Start of DATASET EXTRACT

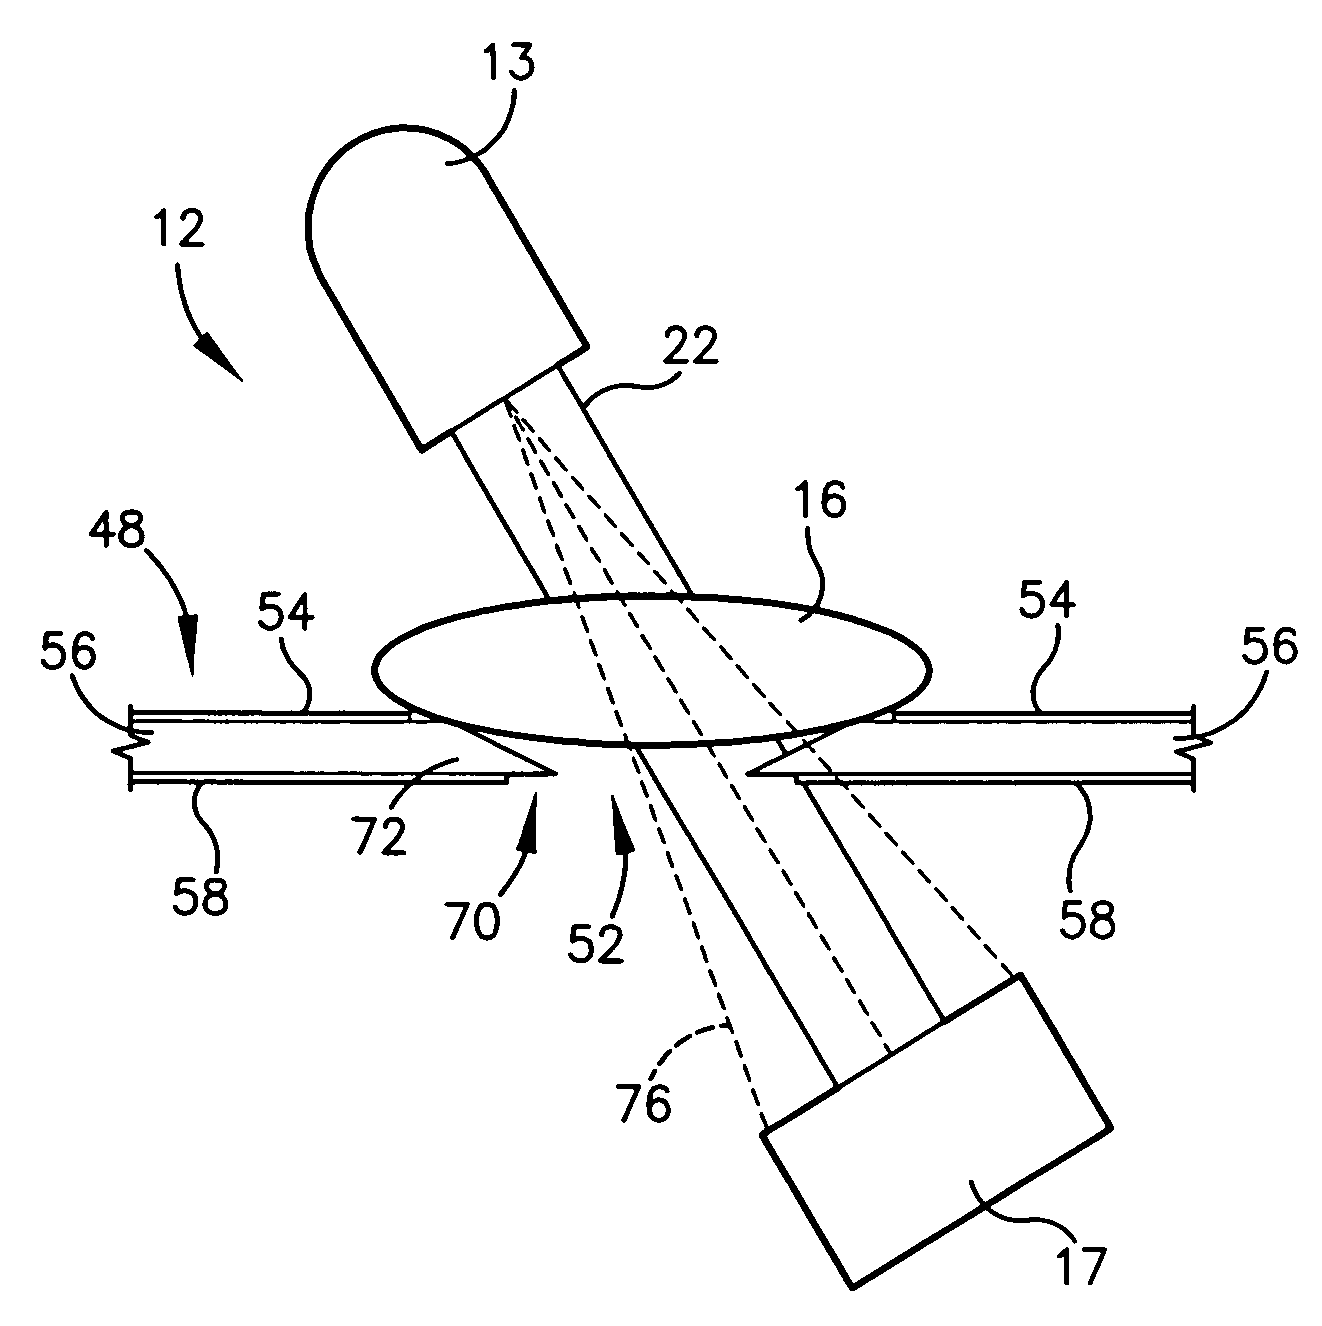 Apparatus having areas of reduced attenuation for imaging support
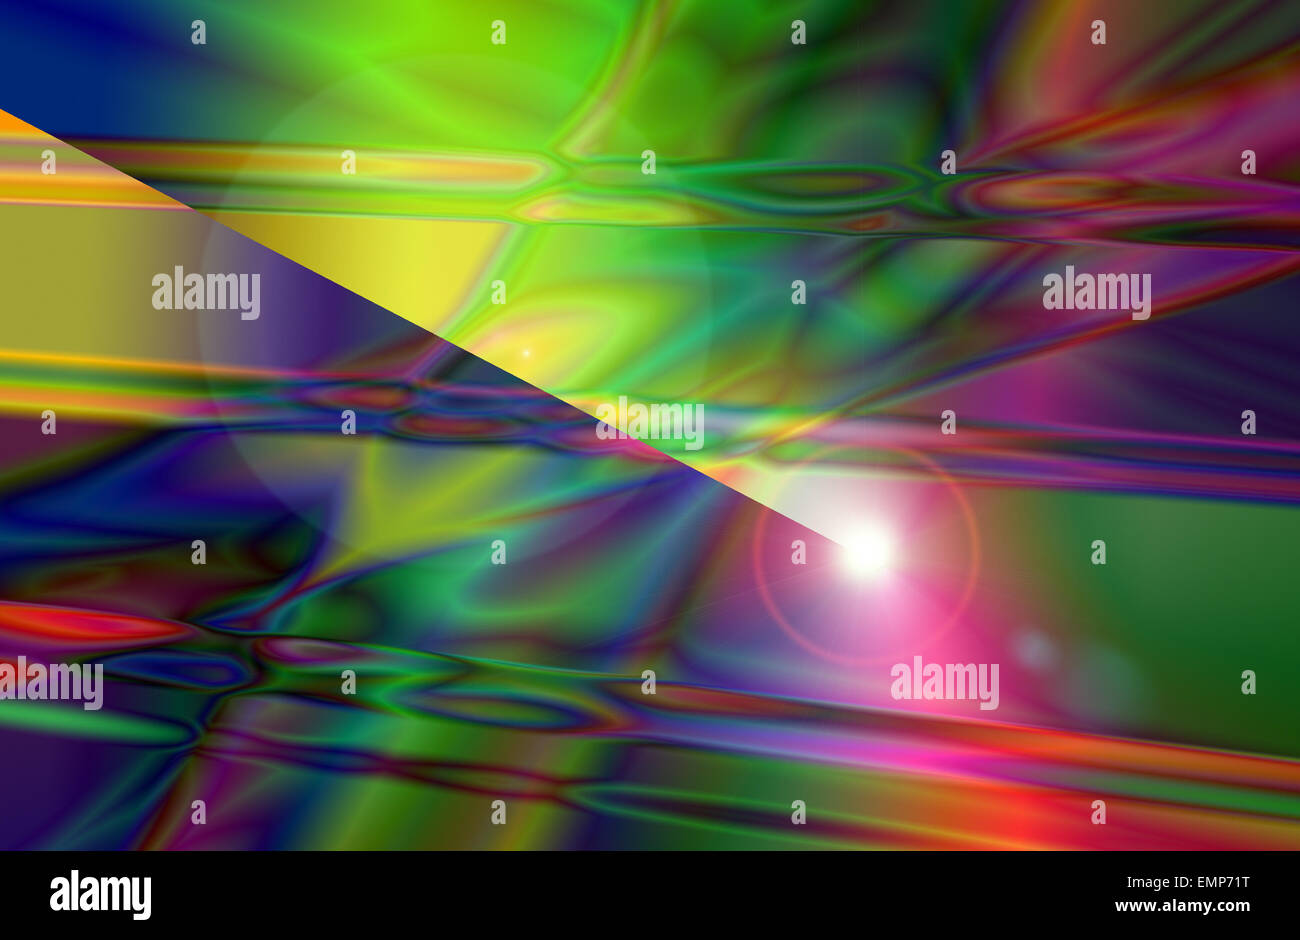 The Colorful Abstract and Background Texture with Lens Flare. Stock Photo
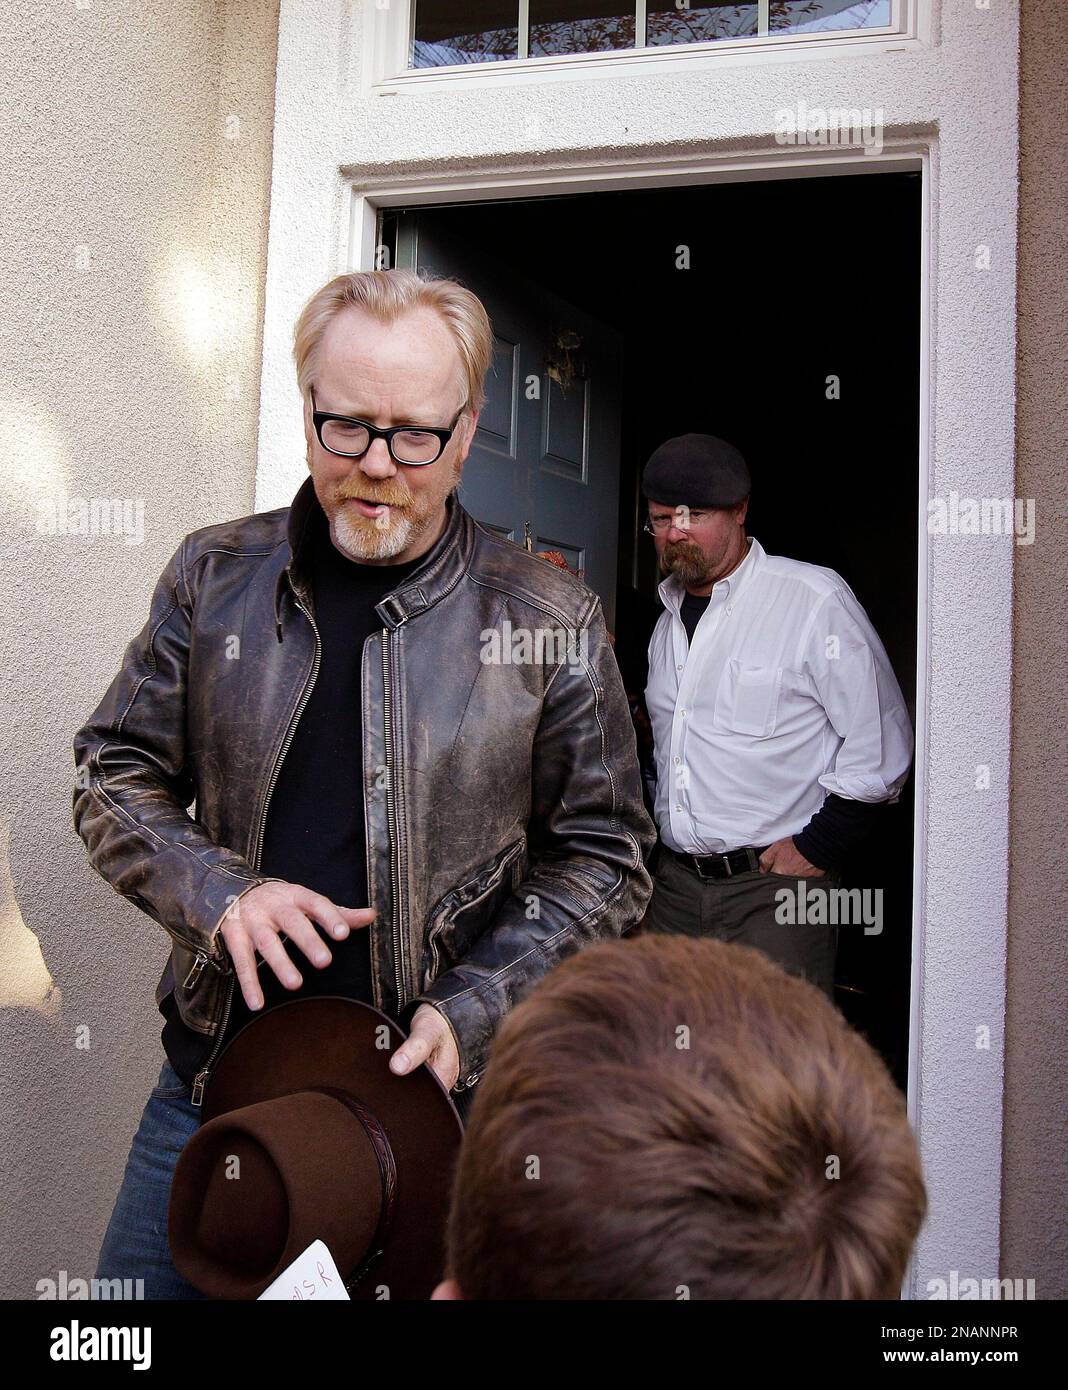 Mythbusters" stars Adam Savage, left, and Jamie Hyneman walk past a child  seeking autographs as they exit the home damaged by an errant cannonball  fired during a filming of an episode of
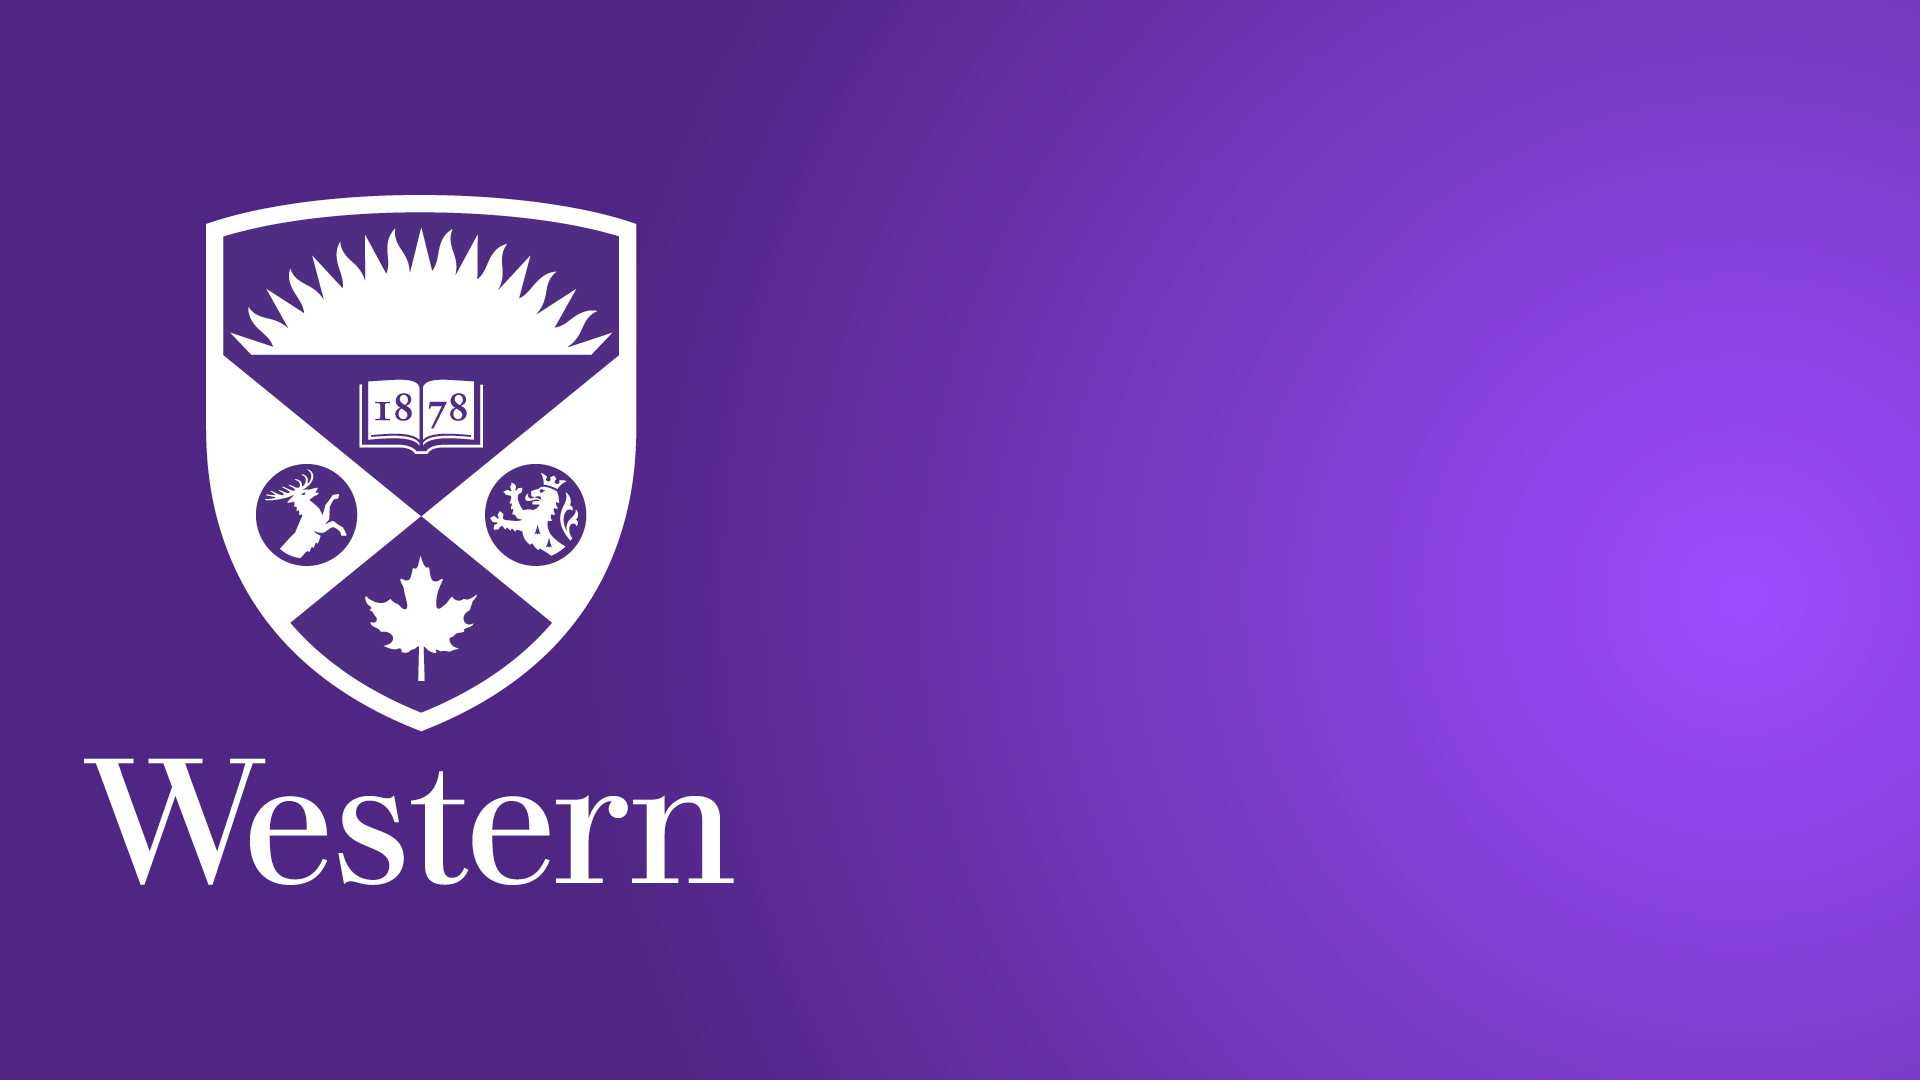 Western crest on left side against a purple background

End of DATASET EXTRACT

→ **TASK DETAILS**: Reproduce nothing but the lines from the line containing "The Colorful Abstract" through the last line of the data above, exactly as written and without pictures.

→ **TASK SOLUTION**:
 The Colorful Abstract and Background Texture with Lens Flare. Stock Photo
 Mythbusters" stars Adam Savage, left, and Jamie Hyneman walk past a child  seeking autographs as they exit the home damaged by an errant cannonball  fired during a filming of an episode of
 Western crest on left side against a purple background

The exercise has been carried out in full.